#### [Dataset section]
______________________________
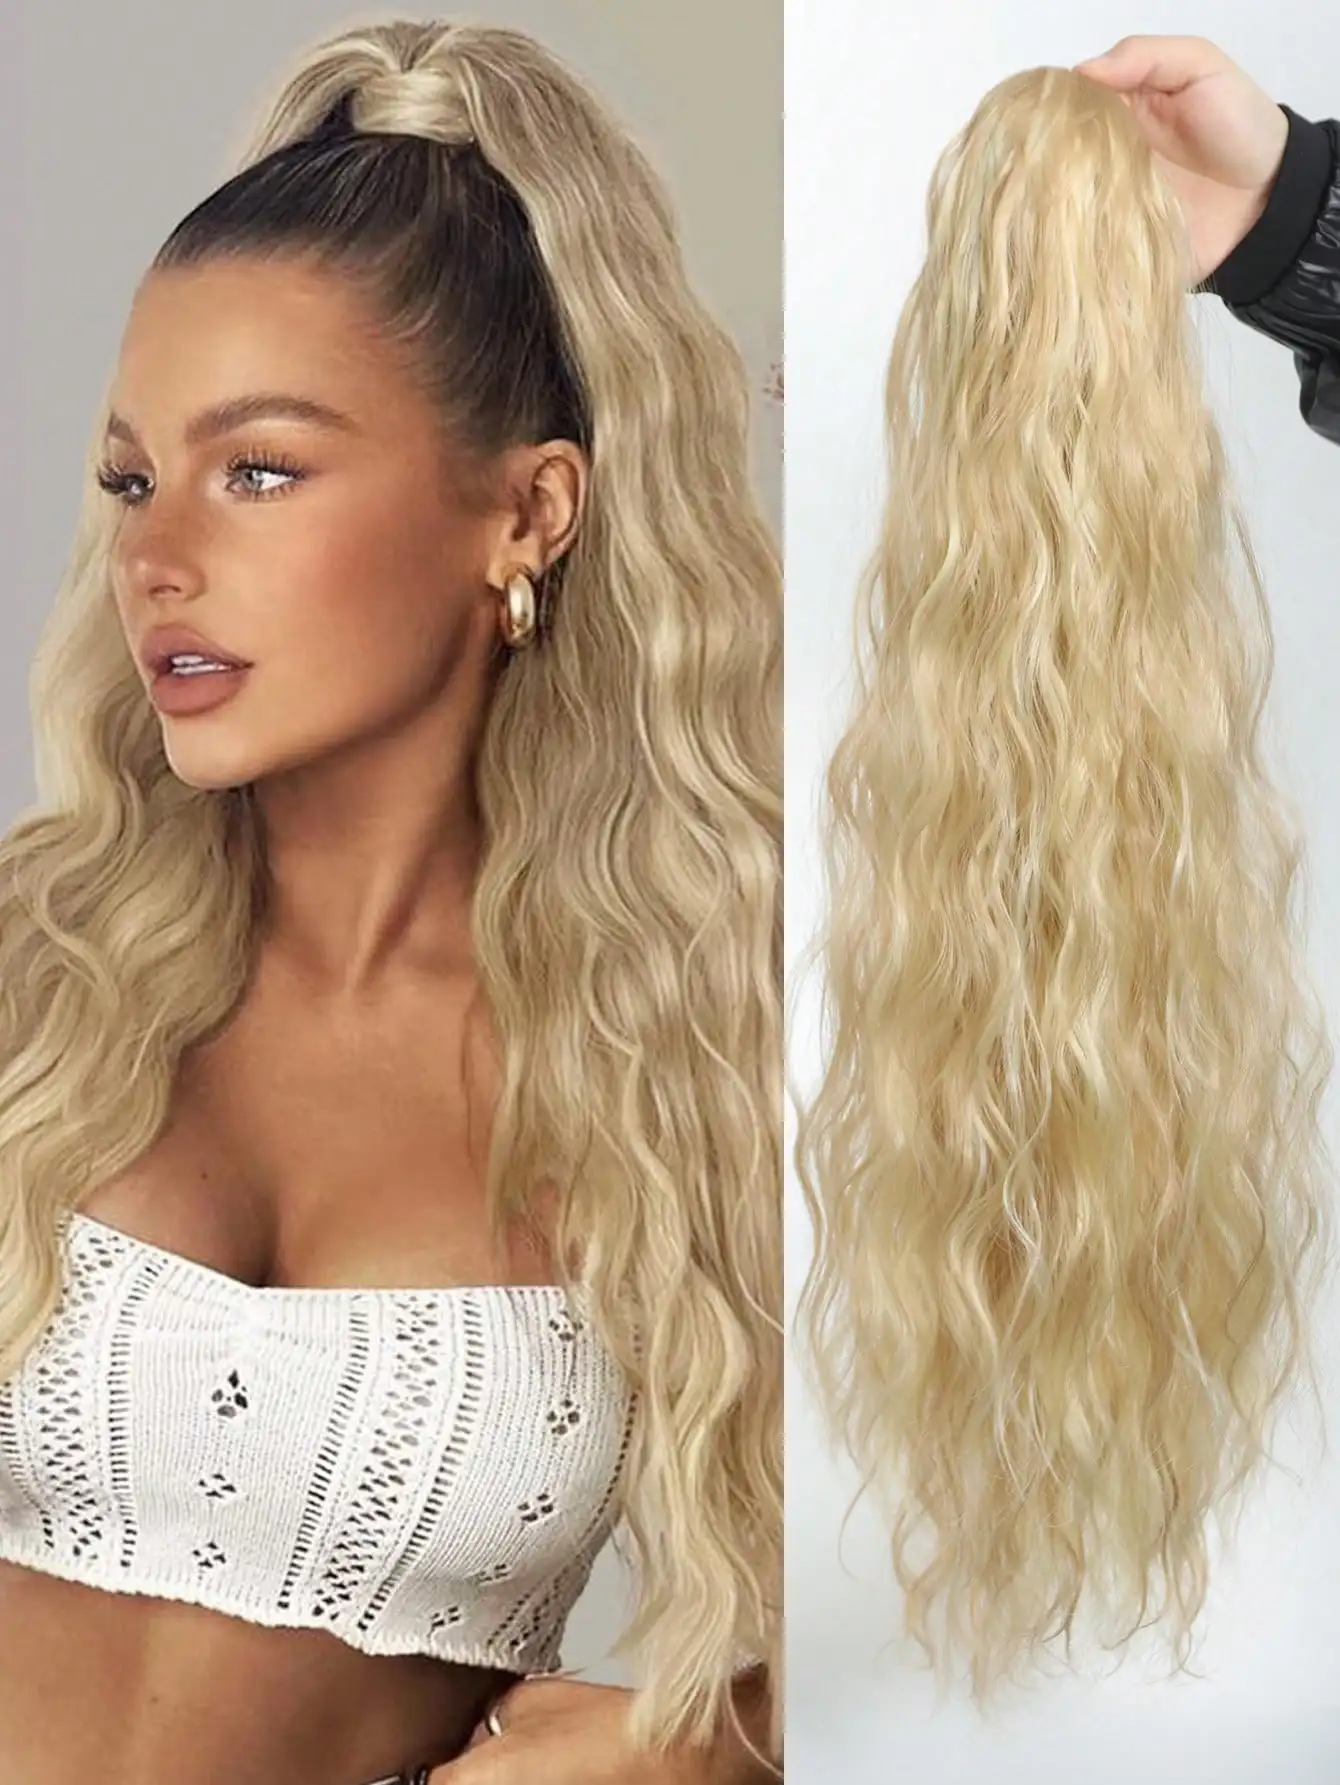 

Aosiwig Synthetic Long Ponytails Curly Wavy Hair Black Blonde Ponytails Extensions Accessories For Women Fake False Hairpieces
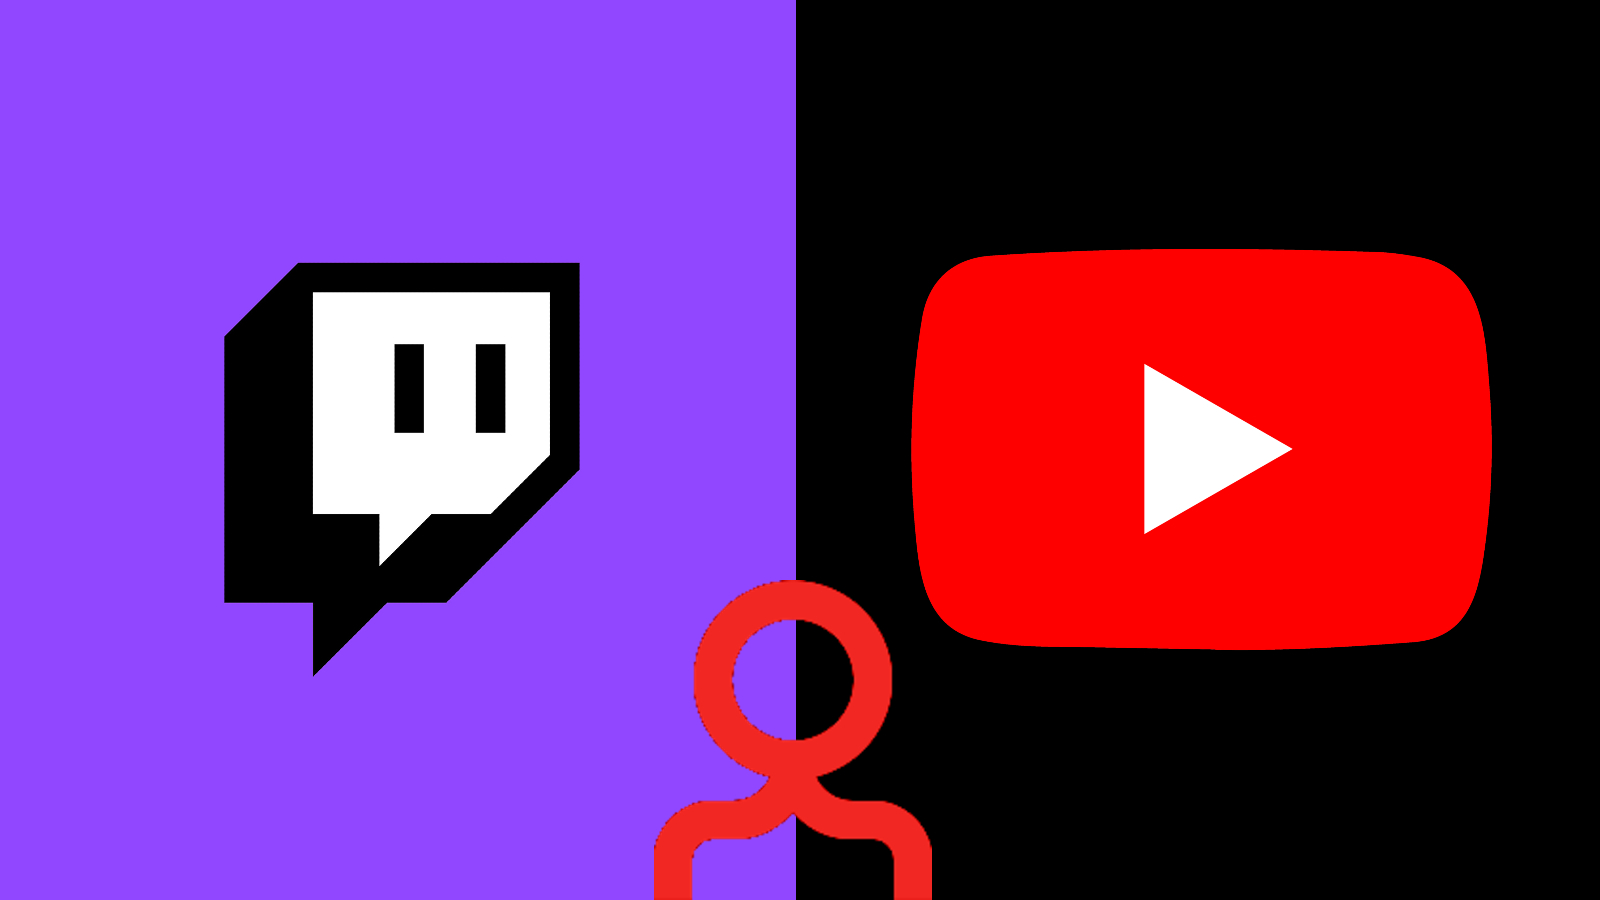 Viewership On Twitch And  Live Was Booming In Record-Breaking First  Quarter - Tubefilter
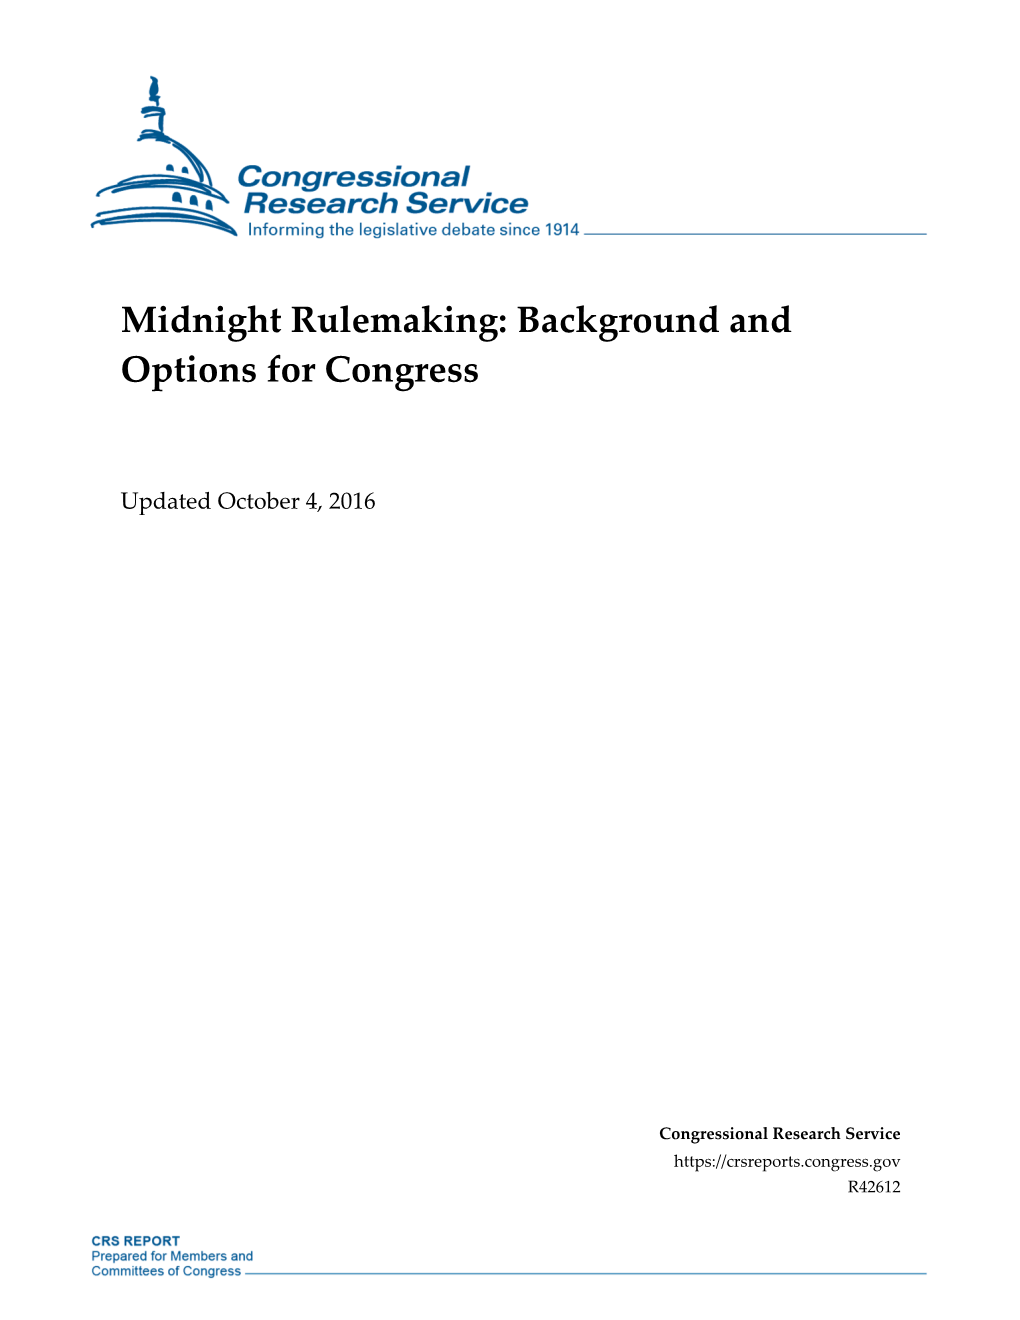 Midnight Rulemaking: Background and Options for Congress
______________________________
#### [Task prompt]
Repeat the listing verbatim, pictures excluded.

#### [Written answer]
Aosiwig Synthetic Long Ponytails Curly Wavy Hair Black Blonde Ponytails Extensions Accessories For Women Fake False Hairpieces
 Viewership On Twitch And  Live Was Booming In Record-Breaking First  Quarter - Tubefilter
 Midnight Rulemaking: Background and Options for Congress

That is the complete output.